British family planning doctor (1938–2019)

Caroline Merula Deys (2 July 1938 – 6 May 2019) was a British family planning doctor and later general practitioner. She won a key case against a General Medical Council complaint in 1972 that had been motivated by her work on legalising abortion in the UK. She performed around 4750 vasectomies in the 1970s, when she was the only female doctor specialising in the procedure in Europe.

==Early life==
Deys was born to "Richard" Adolf Deys and Daisy Barragwanath. Her father was killed in a bombing raid early in World War II. Her mother re-married William Paterson Brown, a psychiatrist. She attended St Paul's Girls' School, then studied medicine at Barts medical school in London, graduating in 1962.

==Career and research==
Having originally specialised in ophthalmology, she trained in family planning under Dorothy Morgan in the mid-1960s. She worked with her husband on the successful campaign to legalise abortion in the UK, which led to the 1967 Abortion Act.

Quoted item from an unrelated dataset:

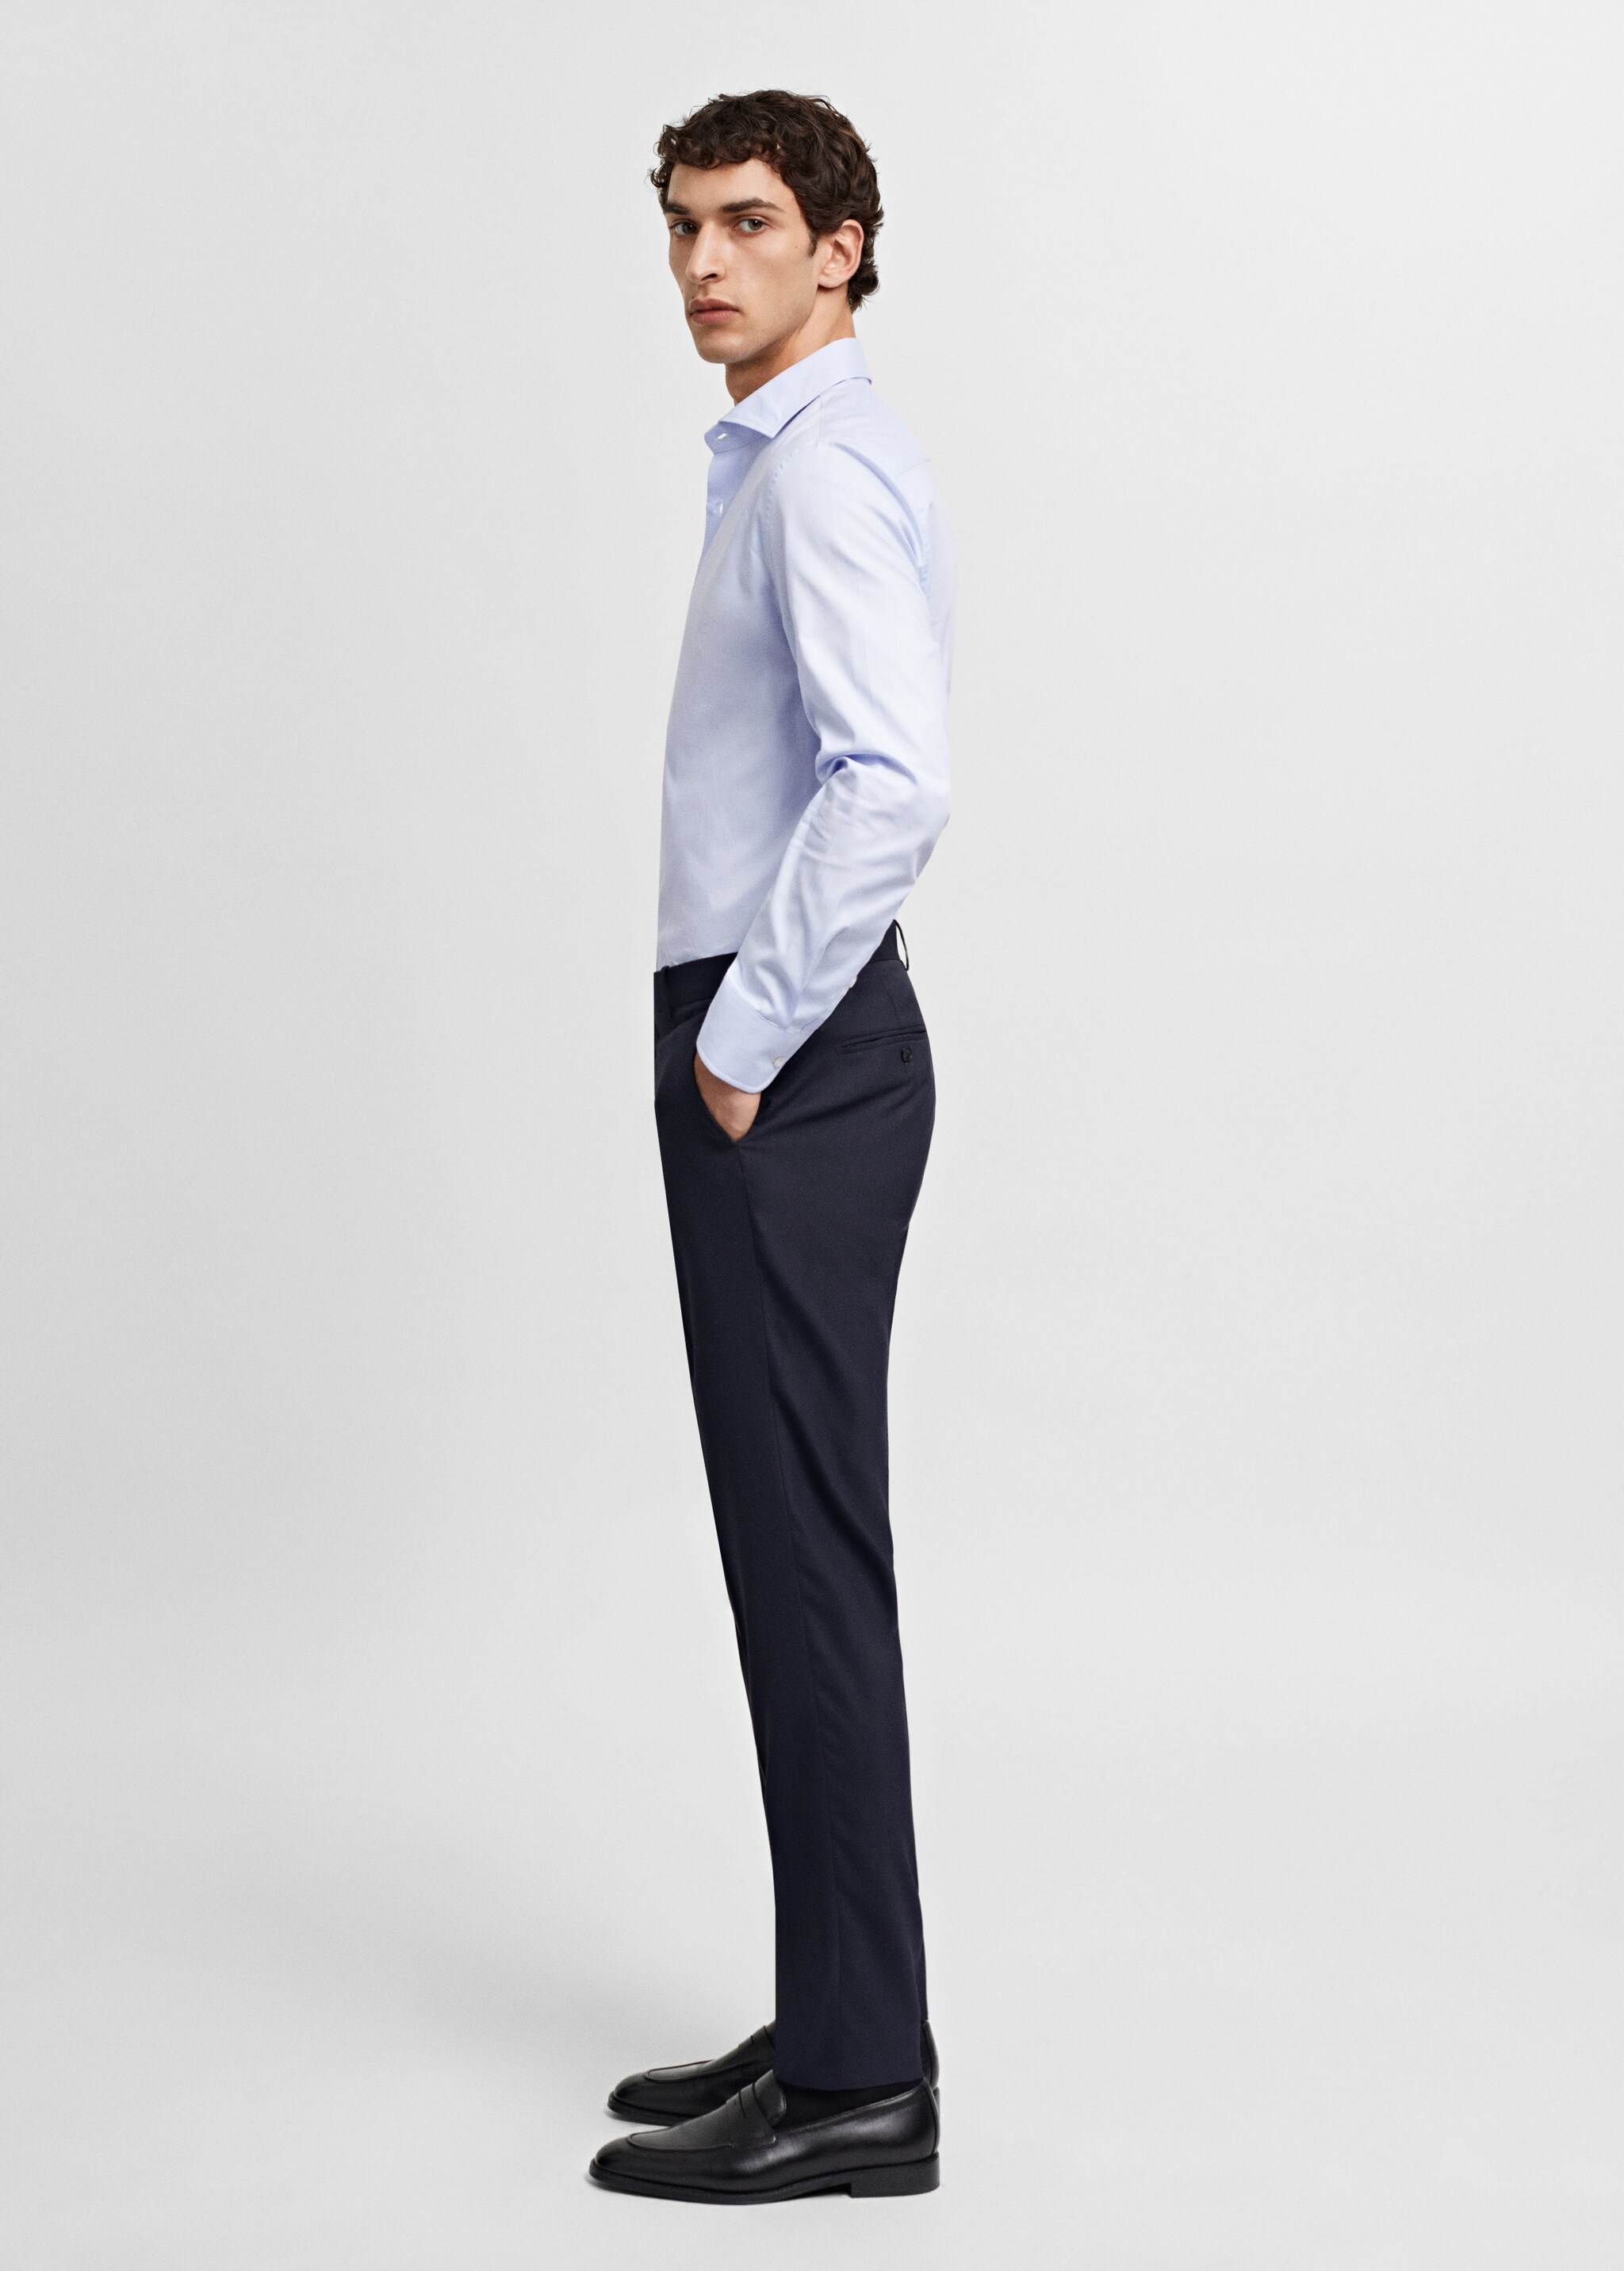 Slim fit structured suit shirt - Details of the article 2
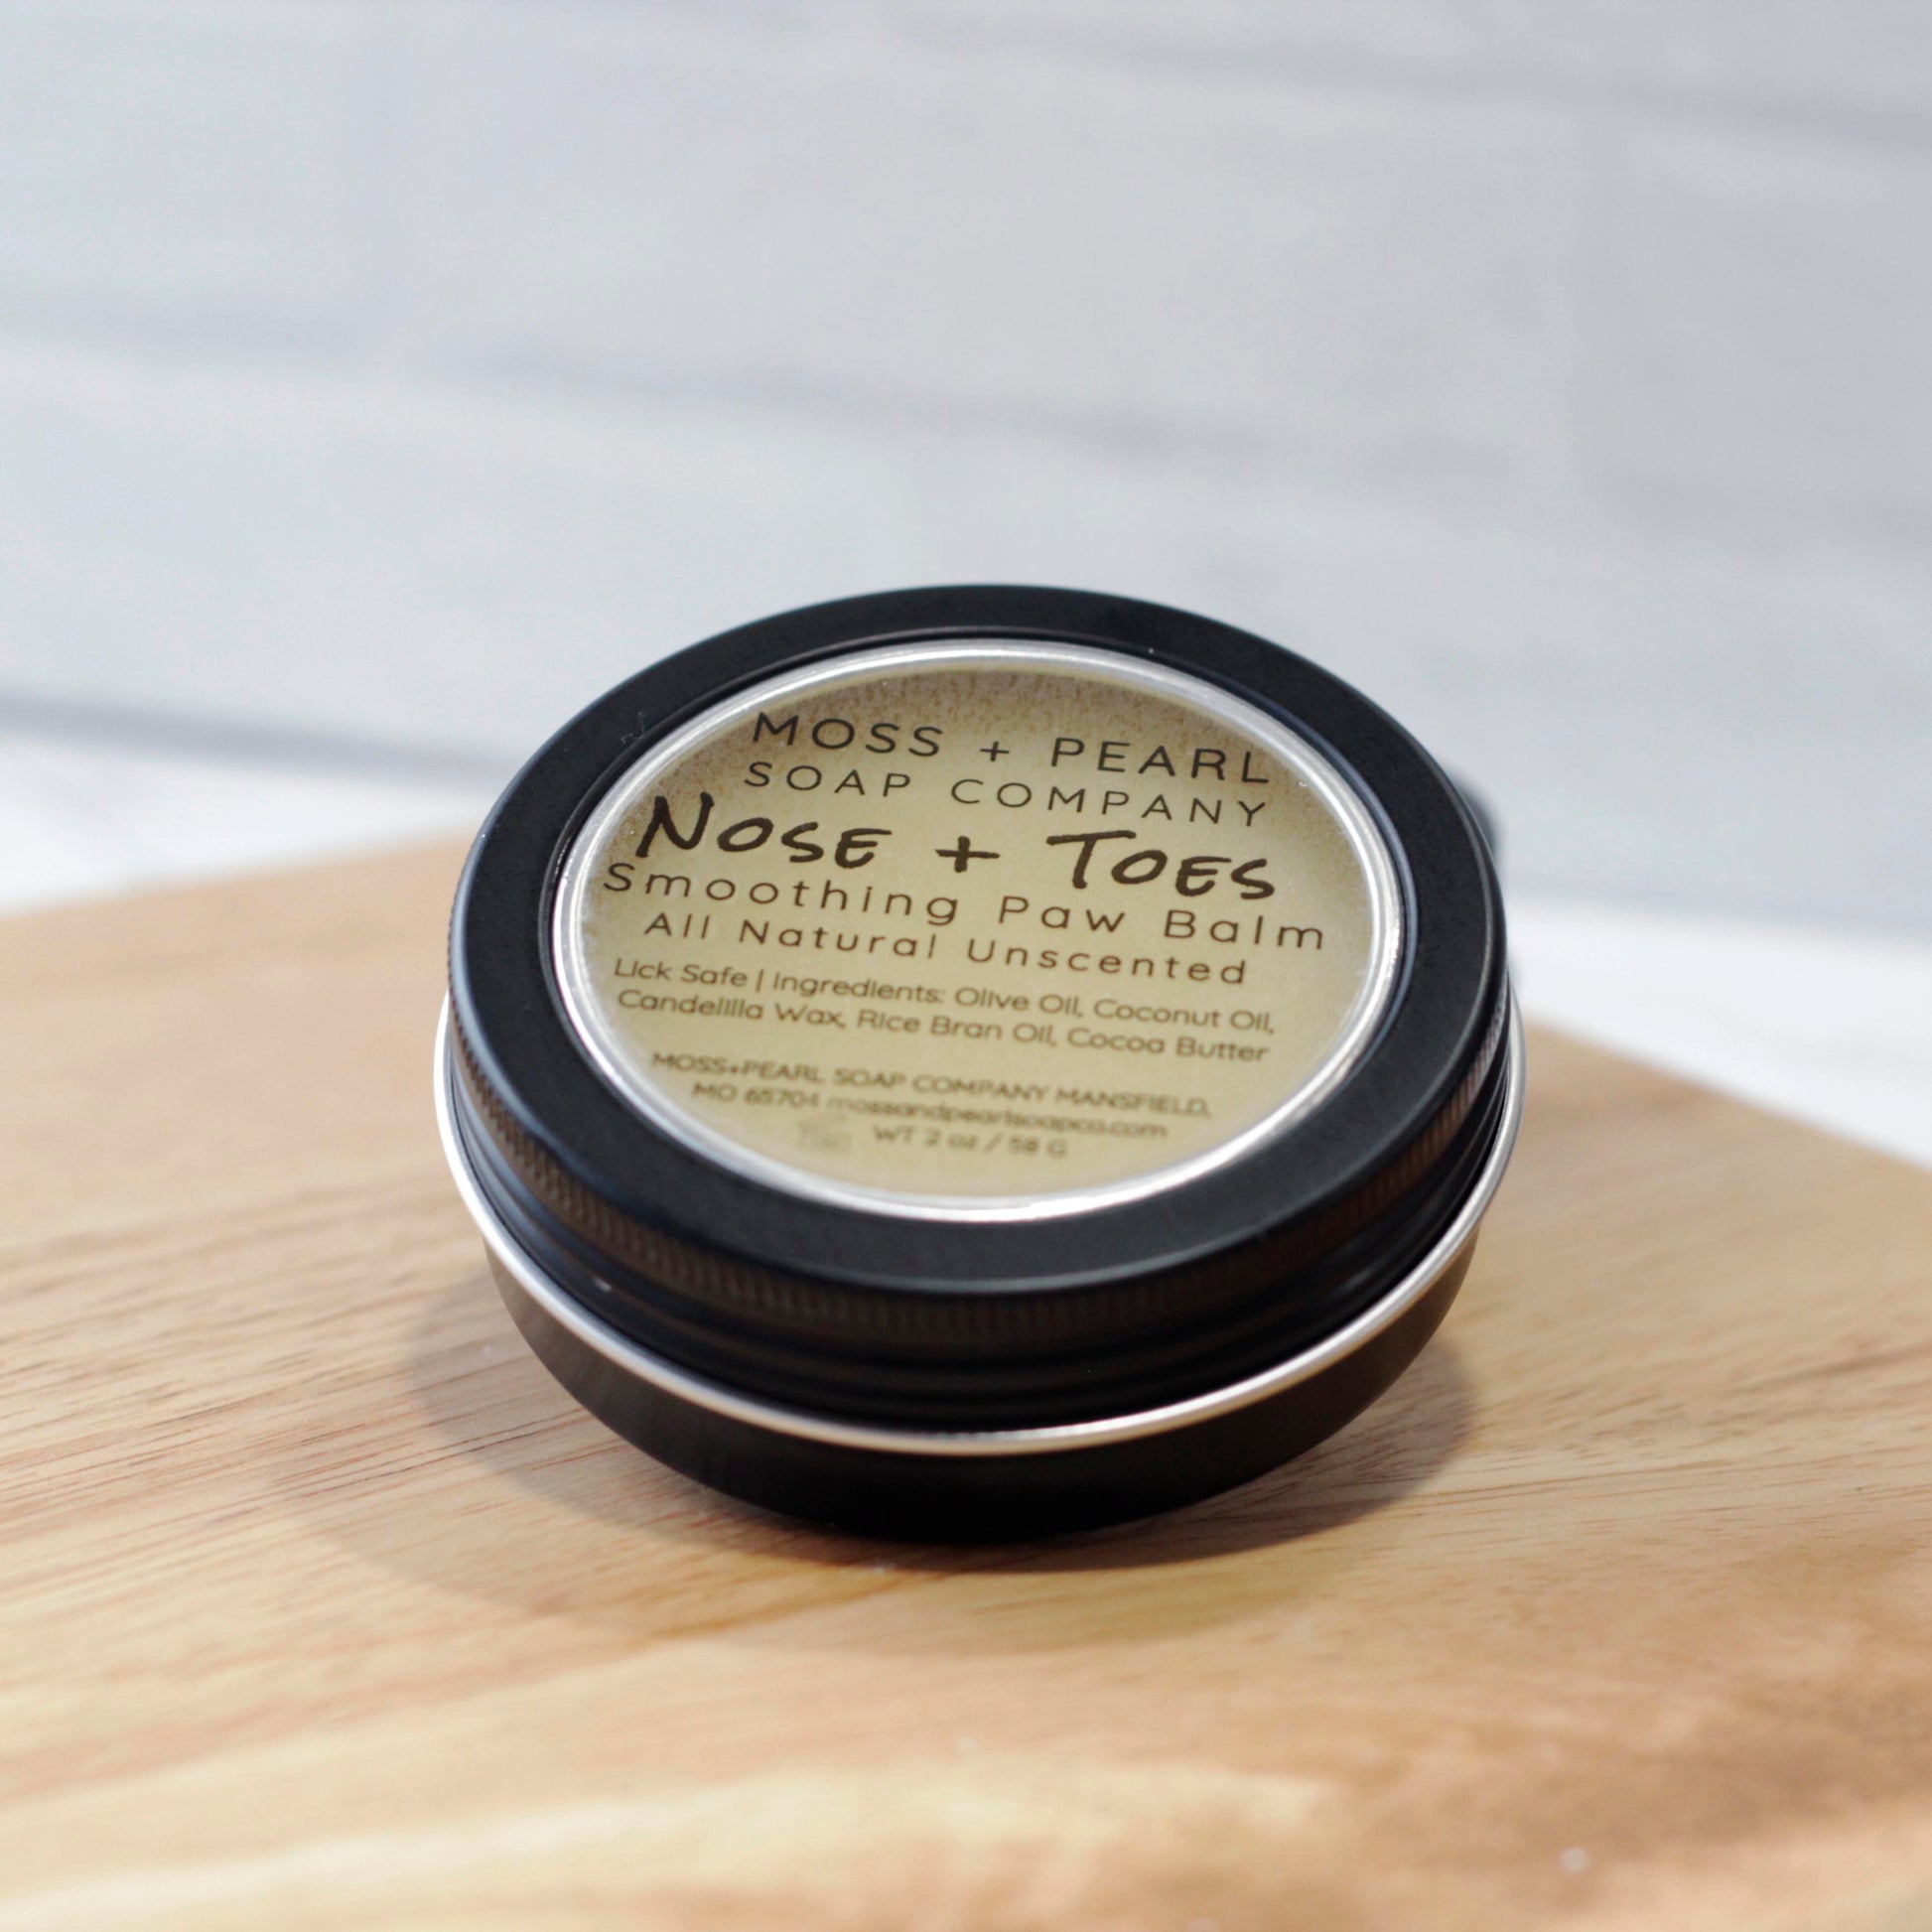 NOSE + TOES SMOOTHING PAW BALM Moss + Pearl Soap Company

In 1967, she co-founded the Cambridge Advisory Centre with her husband and others, which provided contraceptive advice to young people, and she then developed and ran a domiciliary family planning service in Cambridgeshire in 1968-9. She often involved her baby daughter in her work and demonstrated the safety of the oral contraceptive by giving a pill to her young child.

Having trained in the procedure in India, she worked performing vasectomies at a clinic in London from 1970. She performed around 4750 in the 1970s.

In April 1972, Deys was featured in a spread in The Sunday People about her work and how she was the only female vasectomist in Europe. However, she was then brought before the General Medical Council (GMC) accused of a charge of serious professional misconduct relating to the article. The complaint was made by Philip Addison, then secretary of the Medical Defence Union (MDU), on behalf of a member. The text of the complaint claimed that she had "acquiesced in the publication of matter commending and drawing attention to her professional skill, knowledge and services" and that this was "for the purpose of promoting her own professional advantage." Advertising was contrary to GMC rules at the time, but similar newspaper articles about other doctors had not produced any action. Rather, Addison was motivated by his opposition to the legalisation of abortion; he had previously complained to the GMC about two abortion doctors in 1969.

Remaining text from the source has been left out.